Mujica se recusou a viver no luxo, mesmo quando alcançou o cargo mais alto do país e, durante seu governo, focou em políticas de inclusão social, no combate à pobreza e na criação de leis progressista que mudaram o curso da história uruguaia. Foi responsável por algumas das reformas mais avançadas da América Latina, entre elas a legalização do aborto, o casamento homoafetivo e, talvez sua medida mais polêmica e revolucionária, a legalização da maconha — o Uruguai foi o primeiro país no mundo a legalizar e regulamentar o mercado da droga
As ‘sombras’ da gestão Mujica
A gestão do país, ainda que tenha redefinido o rumo e a visão do Uruguai perante o mundo, também foi marcada por desencontros entre as promessas de campanha e as entregas do governo
Forte defensor da educação universal, Mujica não conseguiu reduzir a taxa de abandono escolar elevada no ensino secundário durante seu mandato e, nos últimos dois anos de sua gestão, o país obteve os piores resultados do Programa Internacional de Avaliação de Estudantes (PISA) desde o início dos testes até 2012.

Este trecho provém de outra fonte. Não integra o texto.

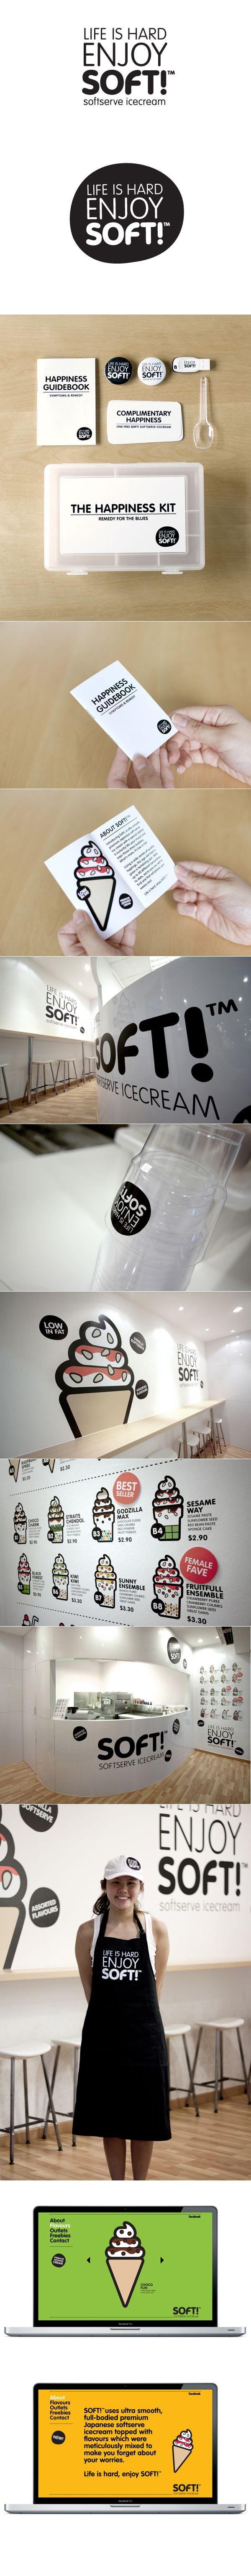 SoftTM branding by Bravo Company. Yumm #identity #packaging #branding

A segurança urbana, uma de suas prioridades no governo, também foi posta em xeque. Durante a gestão à frente do Uruguai, conseguiu reduzir a taxa de homicídios em 3% em relação a 2012, mas os assaltos a mão armada cresceram 8% e seguem como um desafio para os governantes até os dias de hoje.

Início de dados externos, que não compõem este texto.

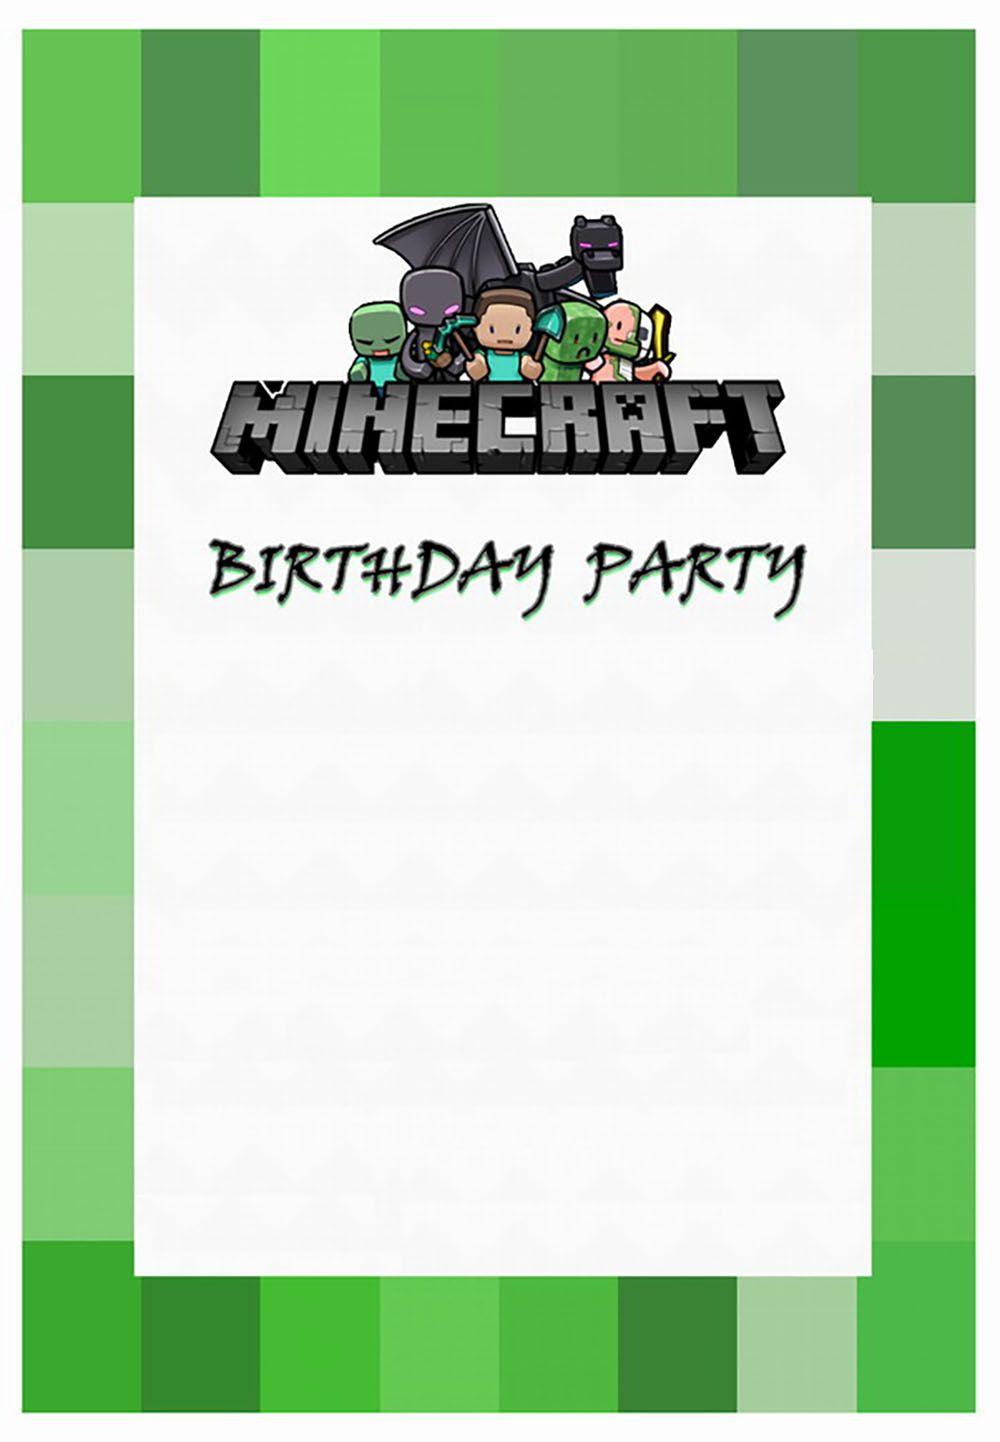 Free Minecraft Invitation | Minecraft | Pinterest | Free, Free ...

Mas a postura humilde do ex-presidente diante do poder contrastou tanto com as práticas tradicionais da política mundial que, com o passar dos anos, ele se tornou uma das figuras mais reconhecidas da política latino-americana. Como presidente, optou por doar a maior parte de seu salário a causas sociais e viveu de forma simples em uma chácara nos arredores de Montevidéu, cultivando flores e hortaliças.
Depois de deixar a Presidência, continuou atuando como senador até 2018, sempre com discurso focado na liberdade, na solidariedade e no amor à pátria. Mesmo afastado dos holofotes, a influência dele na política uruguaia nunca diminuiu.
A luta contra o câncer
Nos últimos anos, a saúde de Mujica foi marcada por desafios. Em 2021, foi submetido a uma cirurgia de emergência devido a complicações de saúde e, em abril de 2024, foi diagnosticado com câncer no esôfago.

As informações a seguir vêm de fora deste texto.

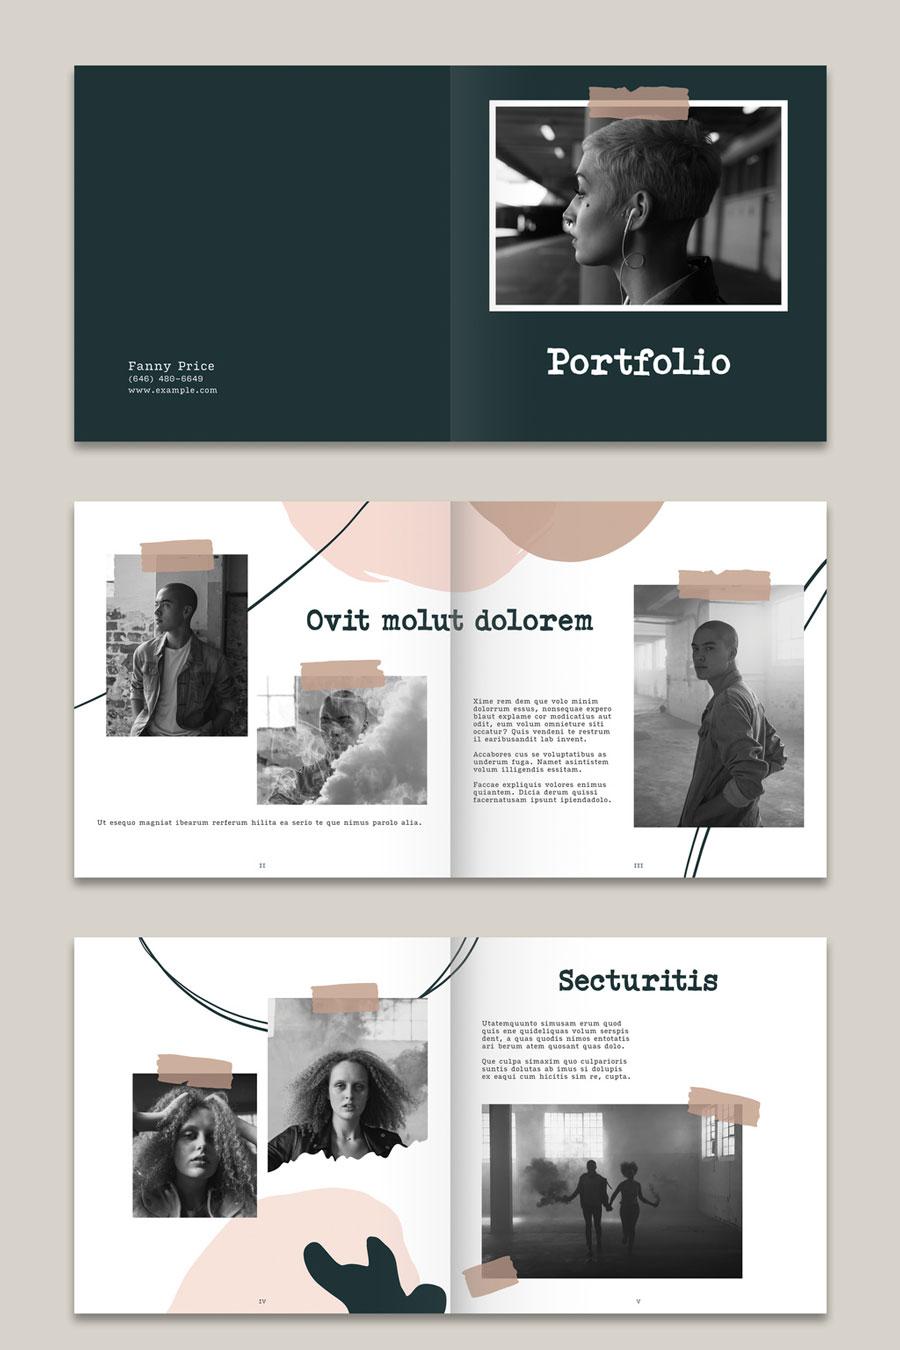 Organic Portfolio Layout

Em janeiro de 2025, após 32 sessões de radioterapia, ele anunciou que o câncer havia atingido seu fígado e que se preparava para sua despedida. Em sua última entrevista, disse a famosa frase: “o que eu peço é que me deixem em paz. Não me peçam mais entrevistas nem nada. Meu ciclo acabou. Sinceramente, estou morrendo. E o guerreiro tem direito ao seu descanso”.